Wenn Sie in der letzten Zeit irgendetwas von AvePoint gehört haben, dürfte Ihnen aufgefallen sein, dass wir uns intensiv mit Microsoft Teams befassen. Bei unserer Arbeit mit der US-Bundesverwaltung, an der ich beteiligt bin, erfolgt die Zusammenarbeit fast ausschließlich über Microsoft Teams. Wir haben eine stark strukturierte Teams-Architektur mit spezifischen Kanälen und nützlichen Registerkarten erstellt. Damit wir stets im Bilde darüber sind, wo und wie Dateien, Informationen und Notizen gesammelt werden, haben wir zudem einen Standard entwickelt, der vorgibt, wie unsere Account-Teams mit dem breiteren Team zusammenarbeiten.

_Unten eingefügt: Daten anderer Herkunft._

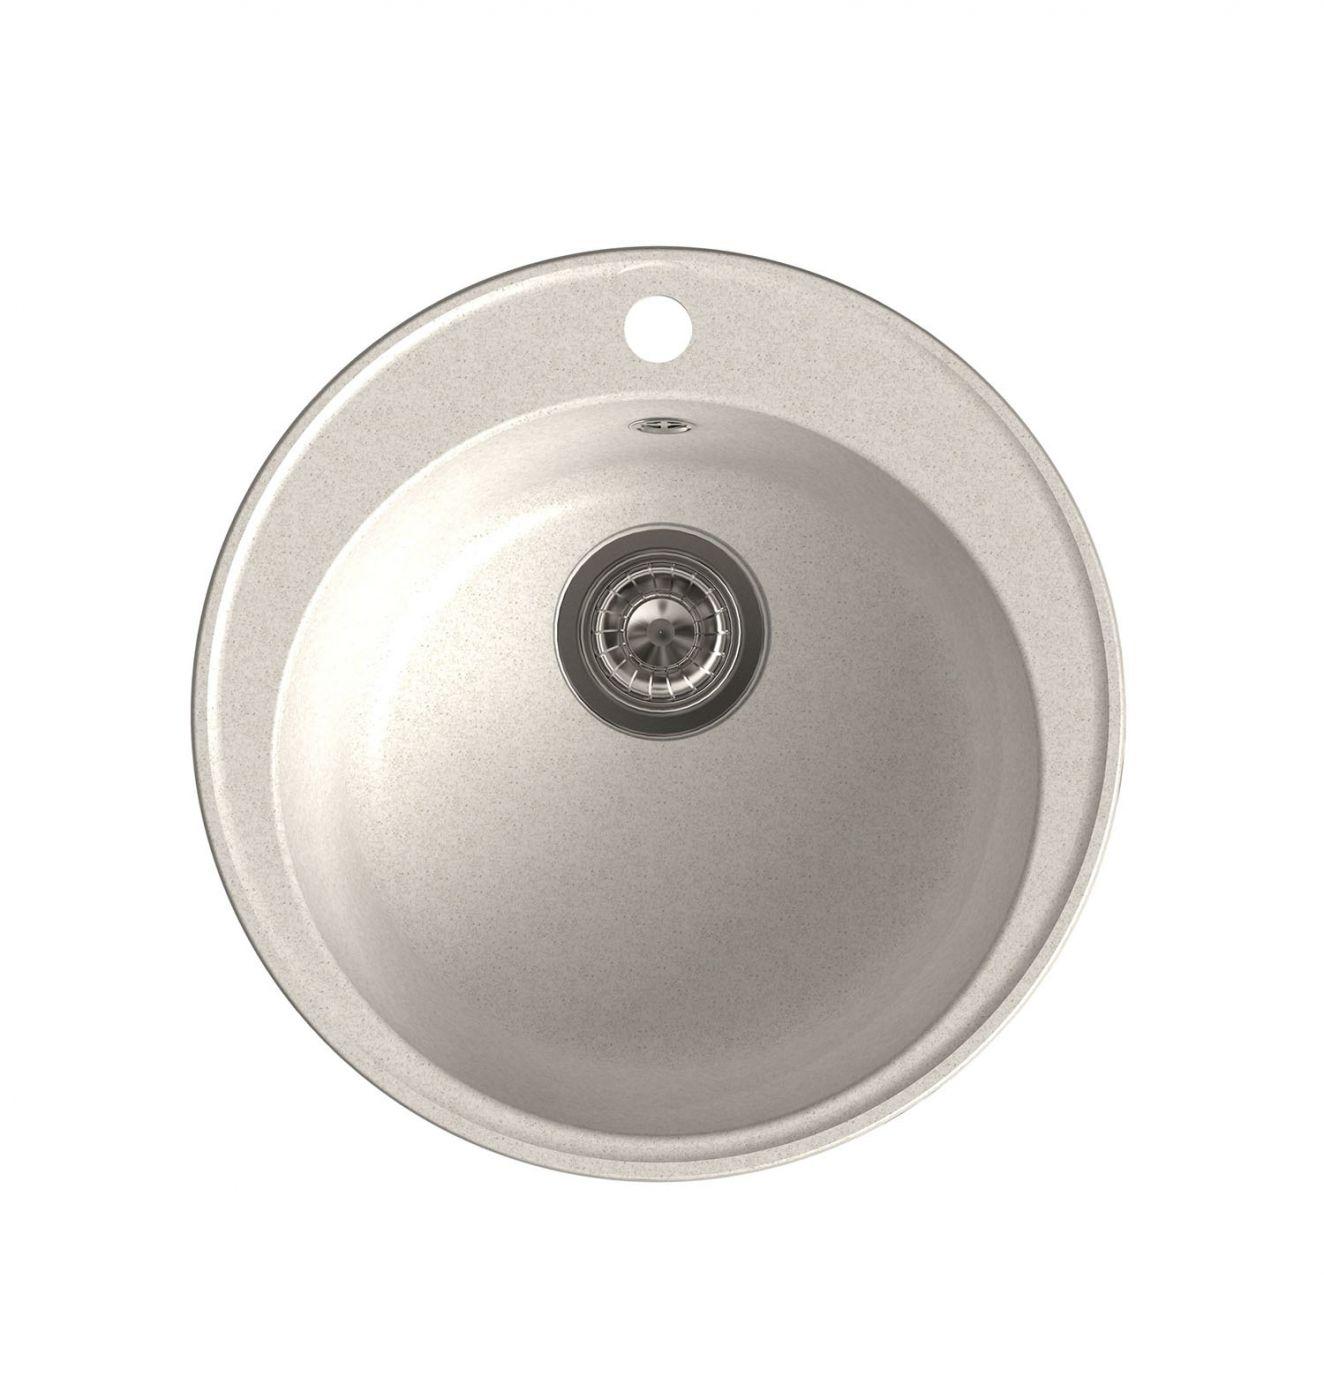 Врезная кухонная мойка LEX Lugano 480 White  48х48см полимер RULE000001

Zu den wichtigen Kanälen, die wir in unserem Team „US-Federal“ verwenden, gehören „General“ und „Knowledge“. Beachten Sie die zahlreichen Registerkarten mit direktem Zugriff auf nützliche Hilfsmittel, die es unseren Mitarbeitenden ermöglichen, in Teams zu bleiben und dennoch auf hilfreiche Quellen auf Websites sowie in SharePoint, Planner, OneNote usw. zurückzugreifen.

Ich denke, wir können mit Fug und Recht behaupten, dass wir inzwischen zur gleichen Erkenntnis gekommen sind wie zahlreiche andere Unternehmen: Teams ist leistungsstark und lässt sich auf vielerlei Weise konfigurieren. Entsprechend müssen sich zusammenarbeitende Gruppen darauf einigen, wo und wie bestimmte Kommunikationsthemen behandelt werden. Sollten Sie Leute im Team haben, die sich verbissen an E-Mails festklammern, wird es ihnen schwer fallen, mit dem Tempo der Zusammenarbeit in Teams Schritt zu halten.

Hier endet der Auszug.